• **MATERIAL SUPPLIED**:
· · · ·

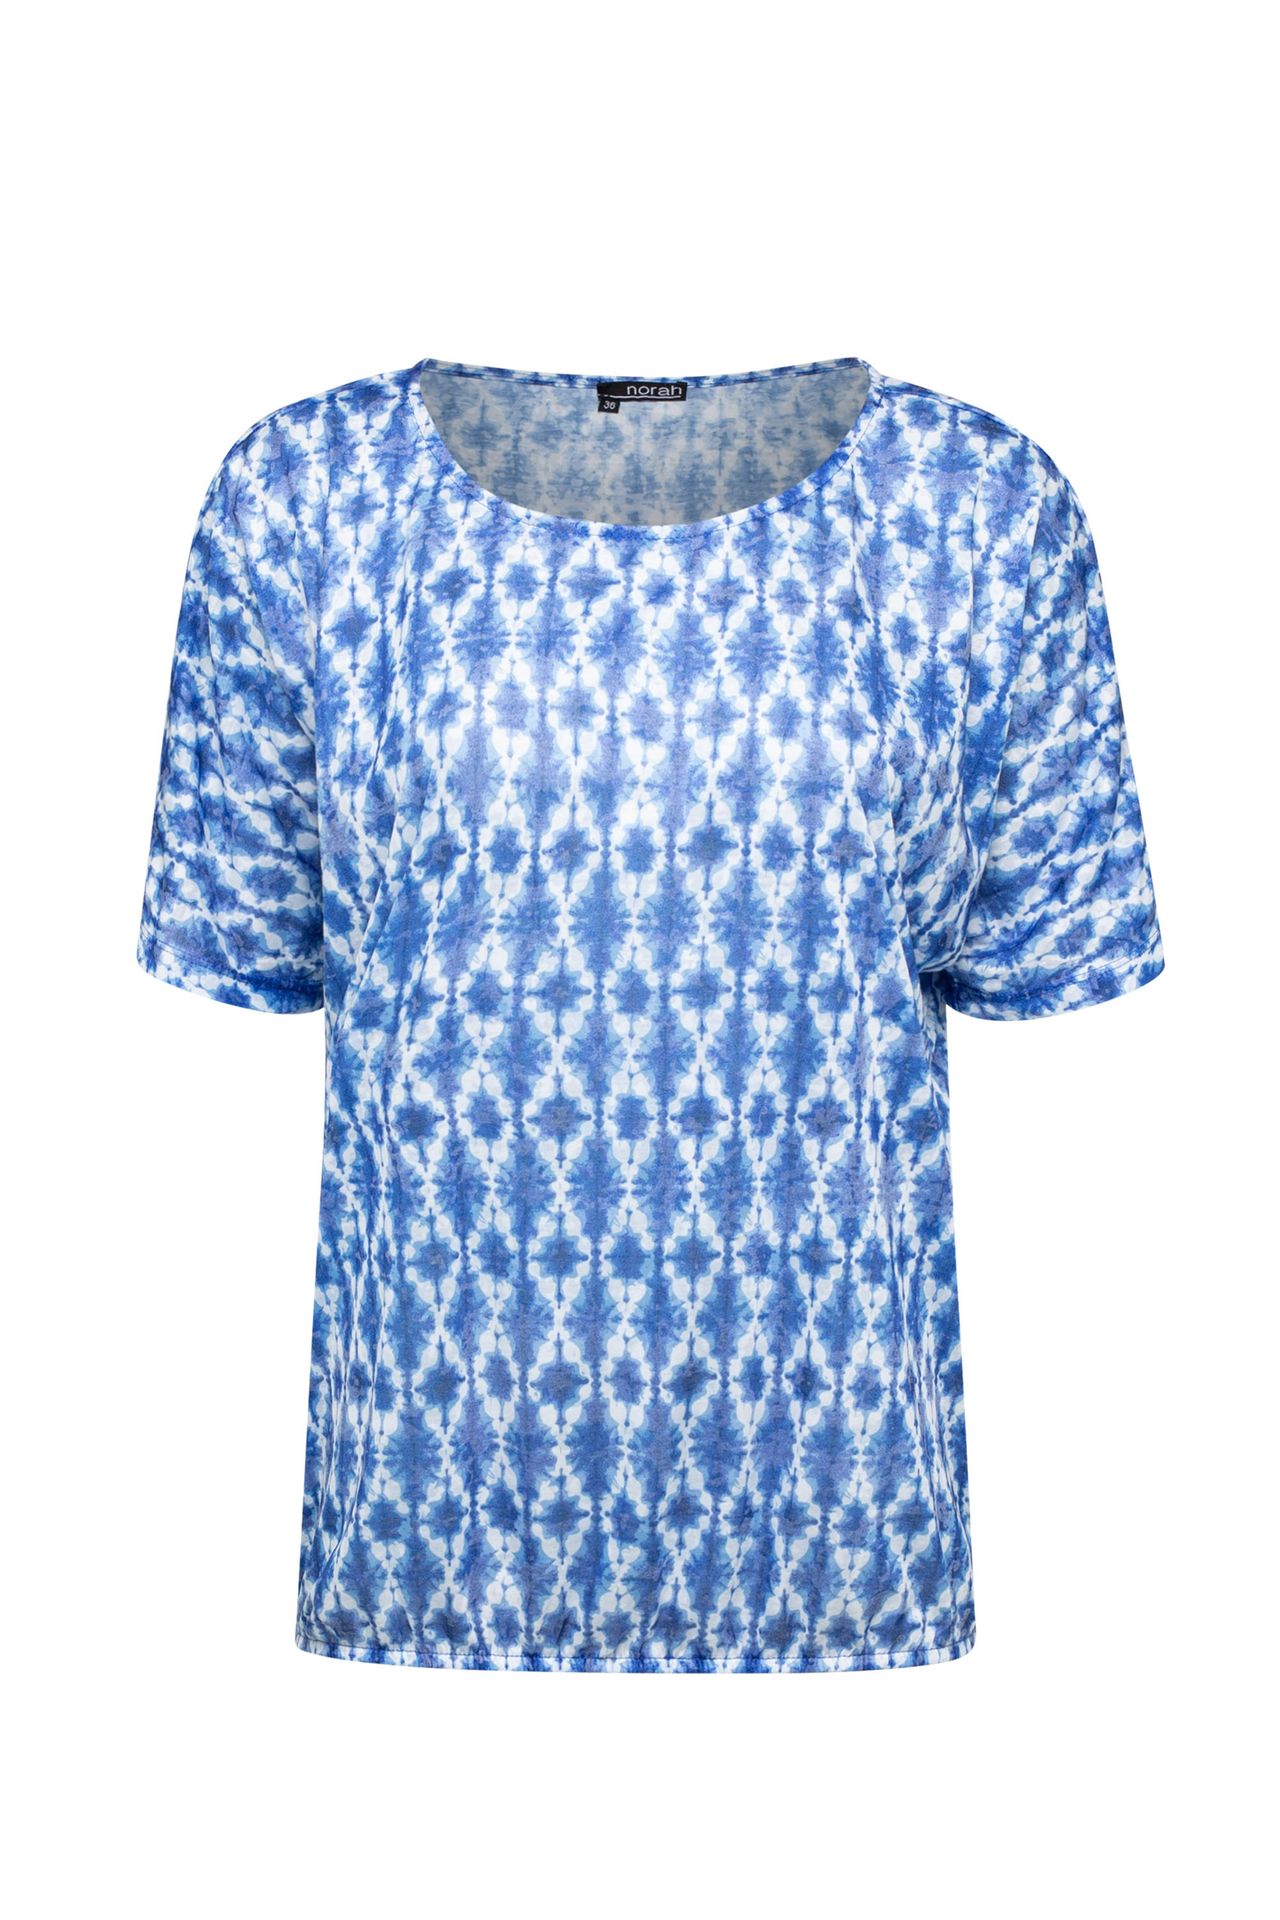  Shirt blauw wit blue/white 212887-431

· · · ·

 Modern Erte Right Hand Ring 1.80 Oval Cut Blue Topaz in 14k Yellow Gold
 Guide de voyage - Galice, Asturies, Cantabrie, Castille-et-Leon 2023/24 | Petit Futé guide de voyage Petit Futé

· · · ·

• **THE PROBLEM**: Give again exactly, and only, the lines above starting at the one with "Modern Erte Right" and ending at the one with "Guide de voyage - Galice, Asturies, Cantabrie, Castille-et-Leon".

• **THE COMPLETED TASK**:
 Modern Erte Right Hand Ring 1.80 Oval Cut Blue Topaz in 14k Yellow Gold
 Guide de voyage - Galice, Asturies, Cantabrie, Castille-et-Leon 2023/24 | Petit Futé guide de voyage Petit Futé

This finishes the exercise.